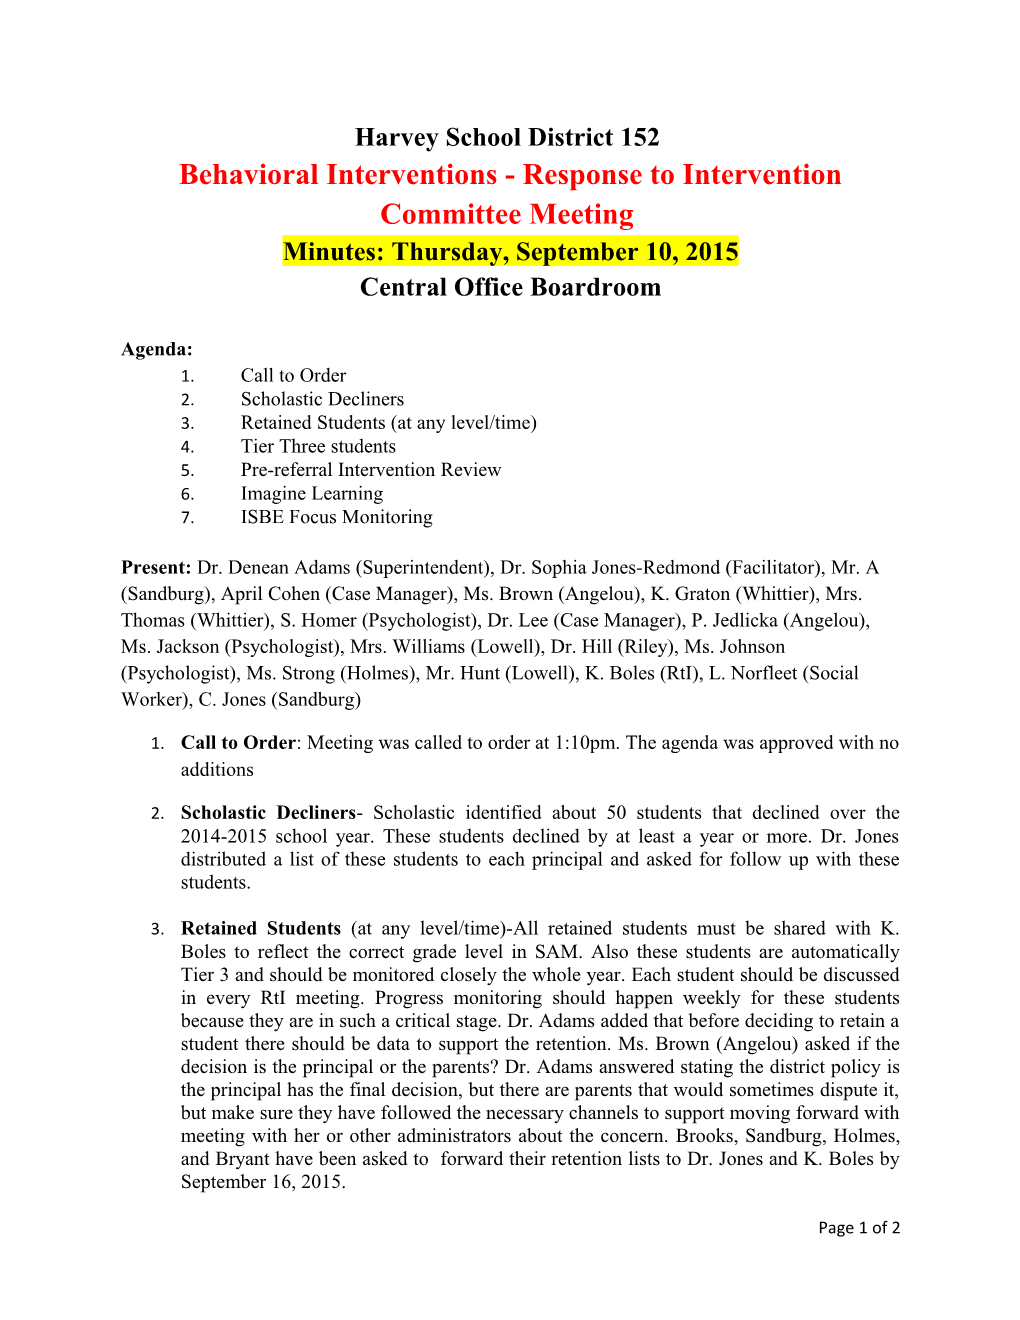 Behavioral Interventions - Response to Intervention
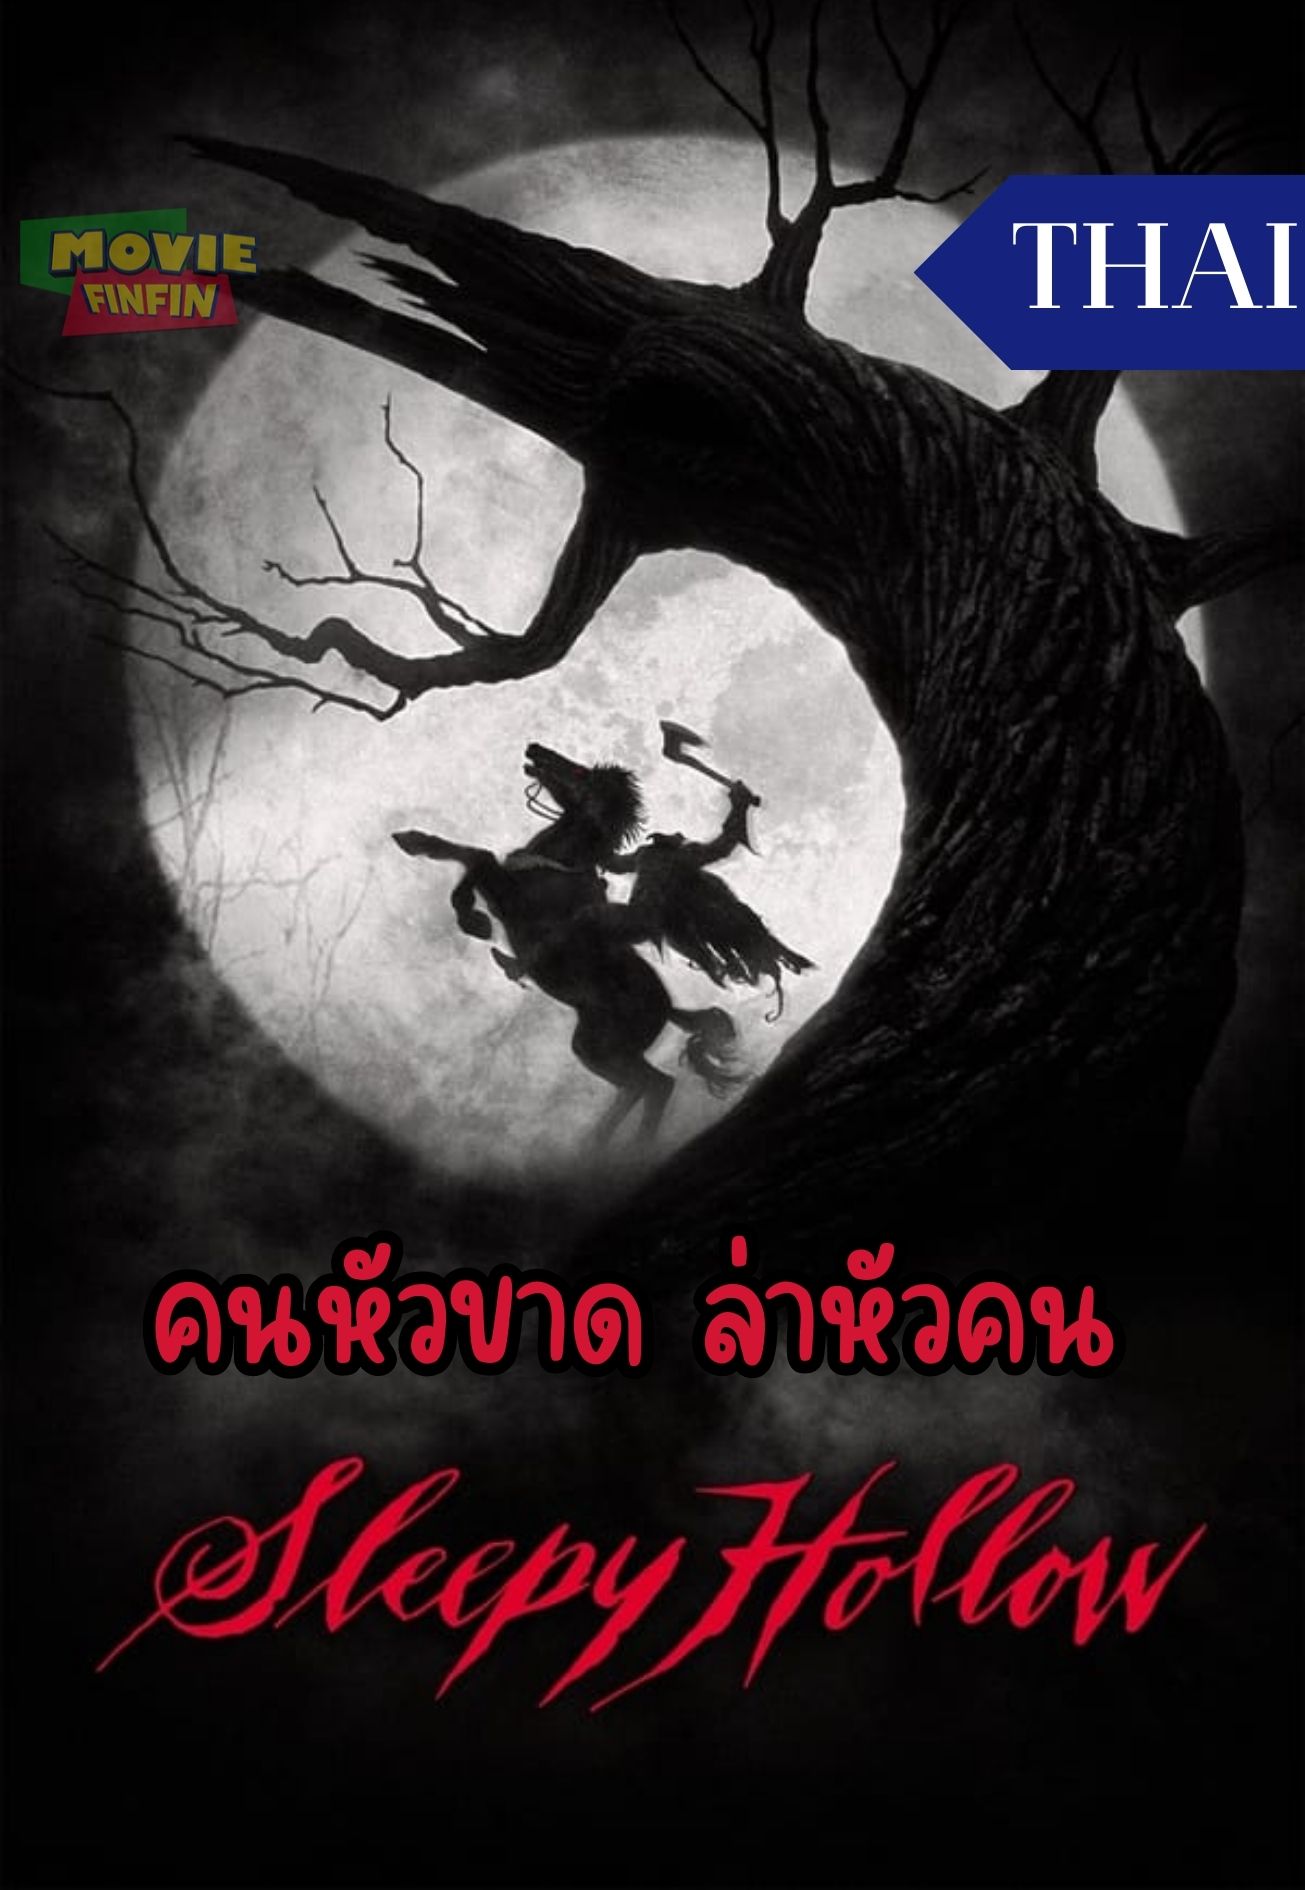 Sleepy Hollow (1999) คนหัวขาด ล่าหัวคน 
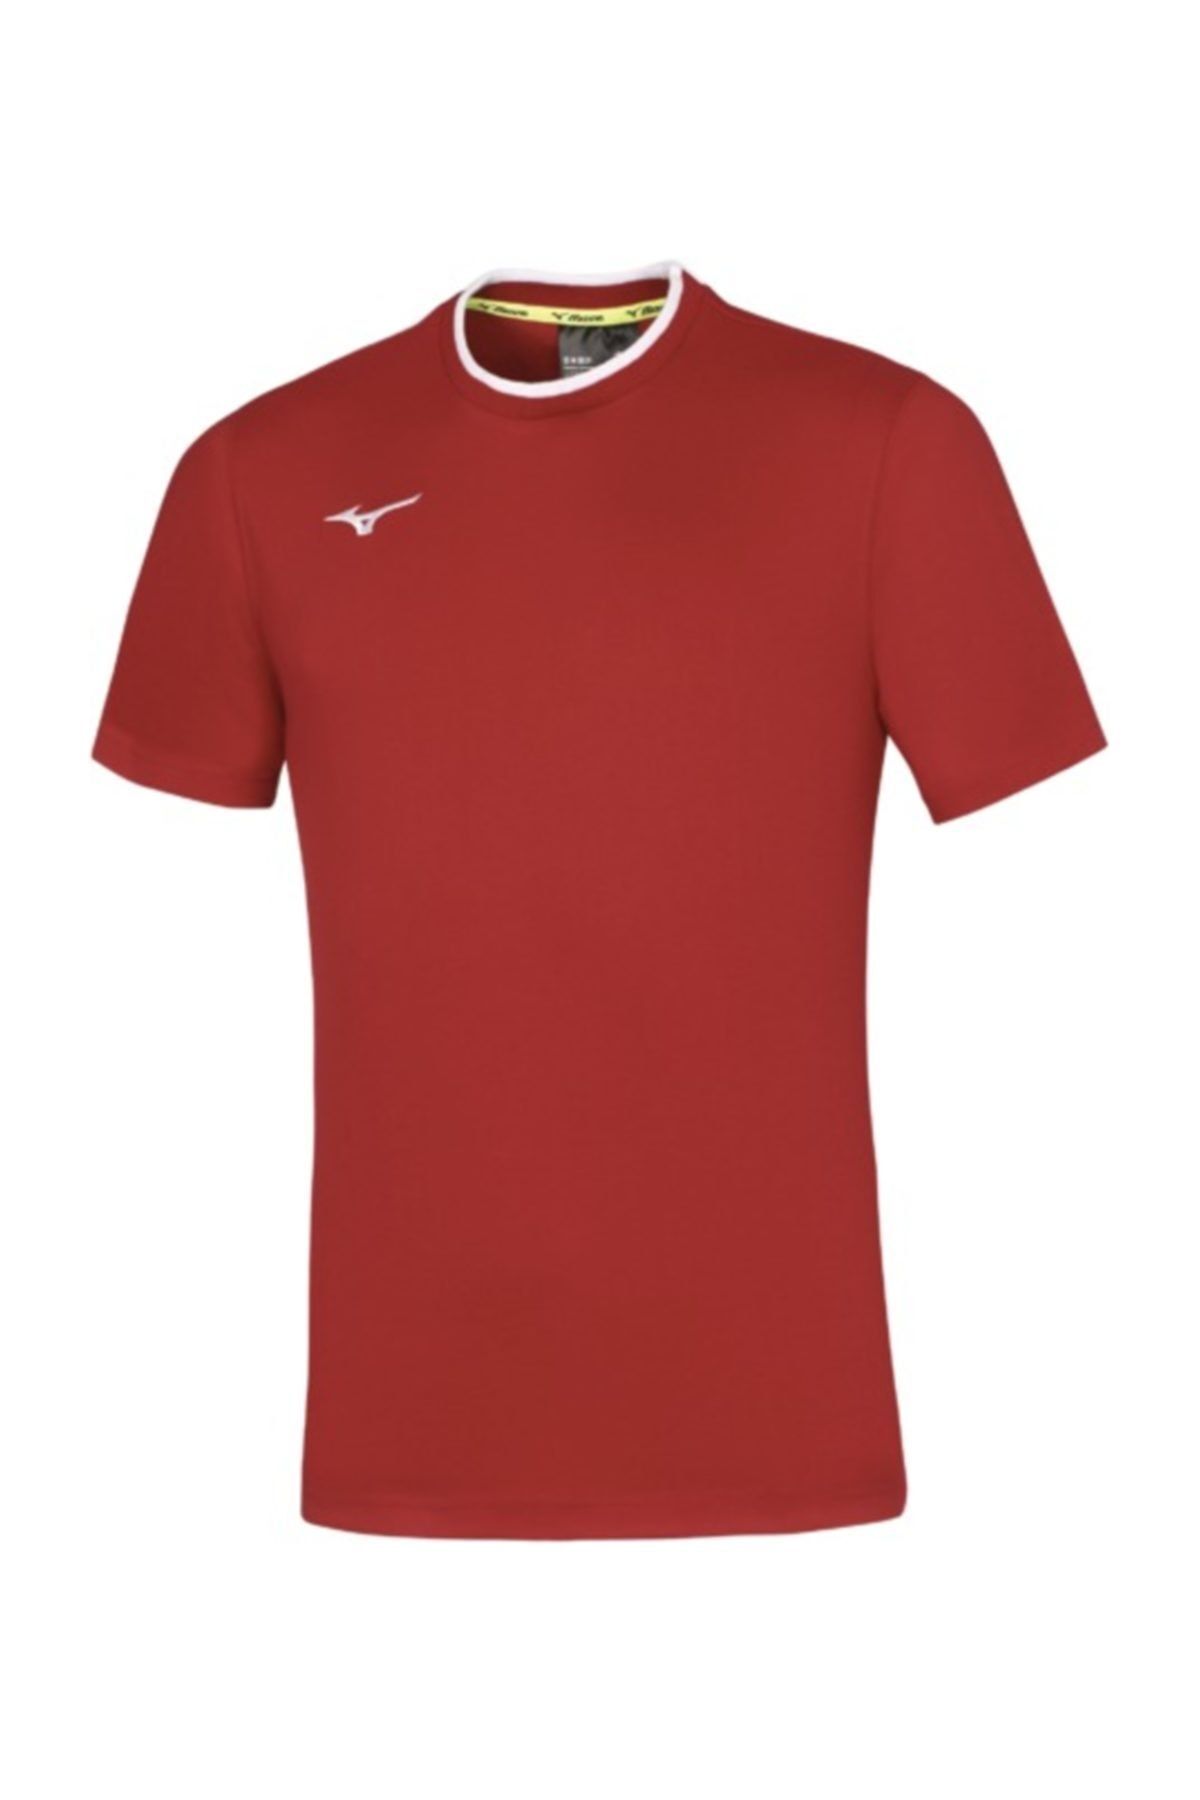 Mizuno Erkek Kırmızı T-shirt

• TASK GOAL: The task requires that every line above be transcribed exactly, without the images.

• RESULT:
 Behavioral Interventions - Response to Intervention
 Sleepy Hollow (1999) คนหัวขาด ล่าหัวคน 
 Mizuno Erkek Kırmızı T-shirt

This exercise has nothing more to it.